→ Data records
▽

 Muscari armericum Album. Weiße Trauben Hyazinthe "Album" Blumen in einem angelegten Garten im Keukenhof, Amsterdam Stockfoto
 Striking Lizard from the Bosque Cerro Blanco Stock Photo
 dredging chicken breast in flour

△
▽

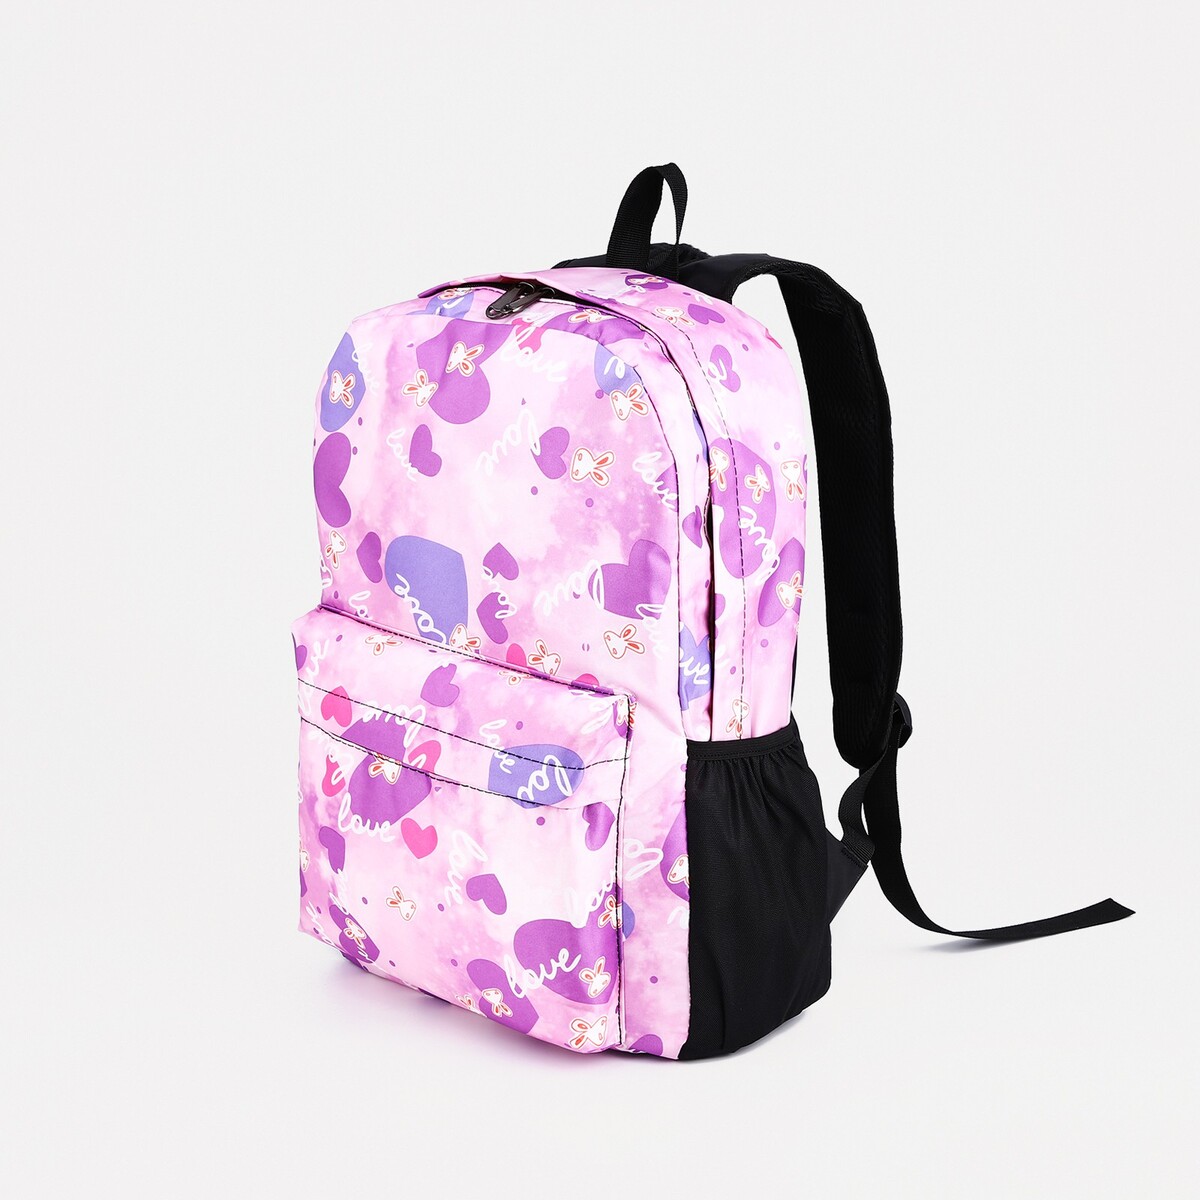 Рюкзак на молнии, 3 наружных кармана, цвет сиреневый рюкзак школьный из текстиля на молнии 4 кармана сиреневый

△
▽

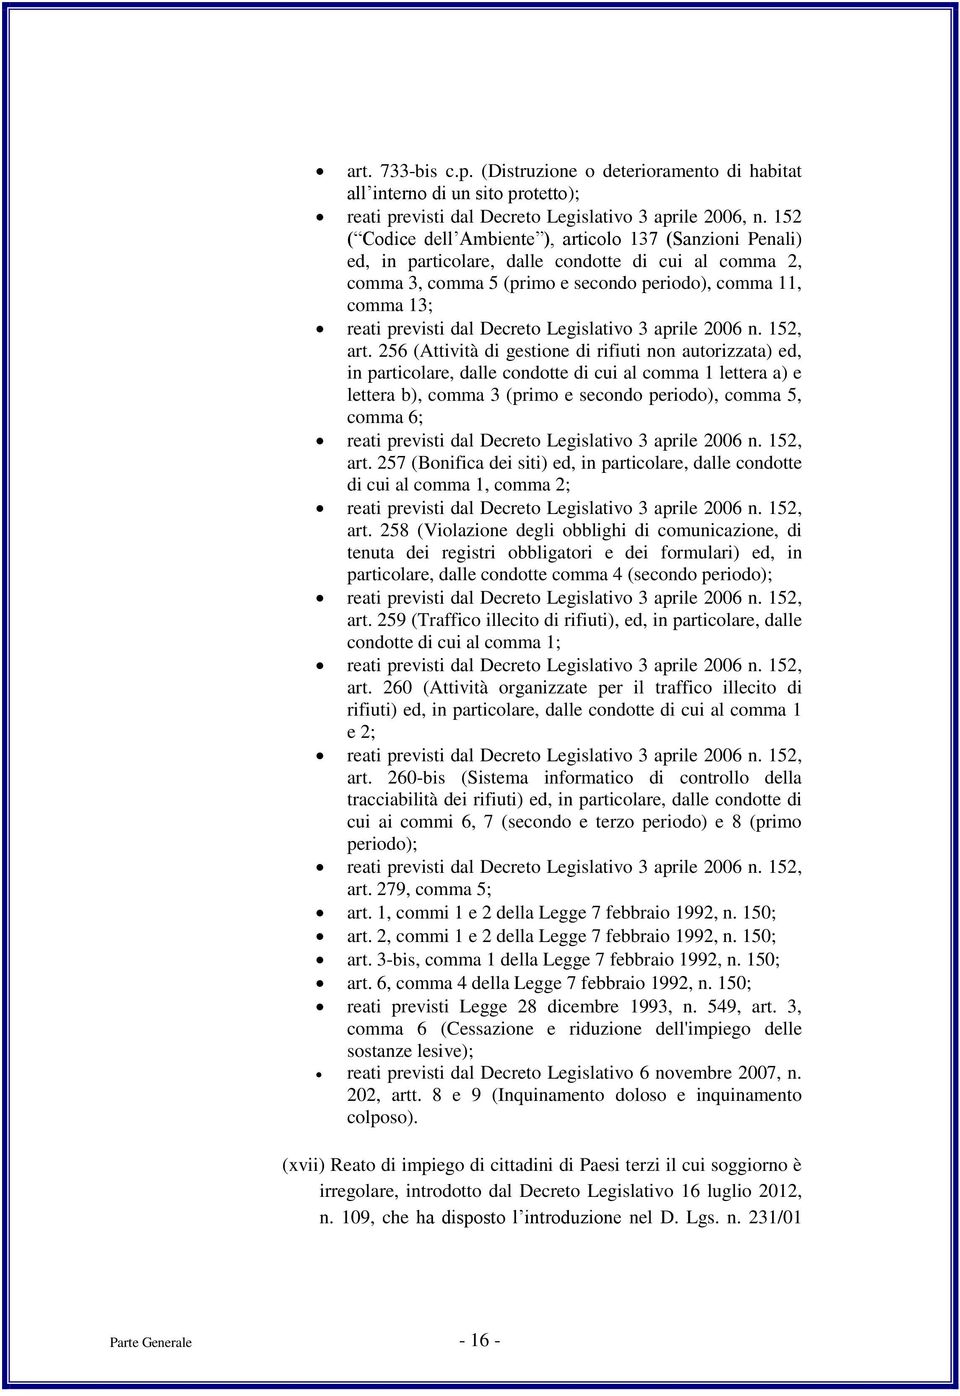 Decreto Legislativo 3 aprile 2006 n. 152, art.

△

→ Exercise description
Taking the material above, extract exactly and only the lines from the line with "Striking Lizard from" to the line with "dredging chicken breast in flour", inclusive of both.

→ Output below
 Striking Lizard from the Bosque Cerro Blanco Stock Photo
 dredging chicken breast in flour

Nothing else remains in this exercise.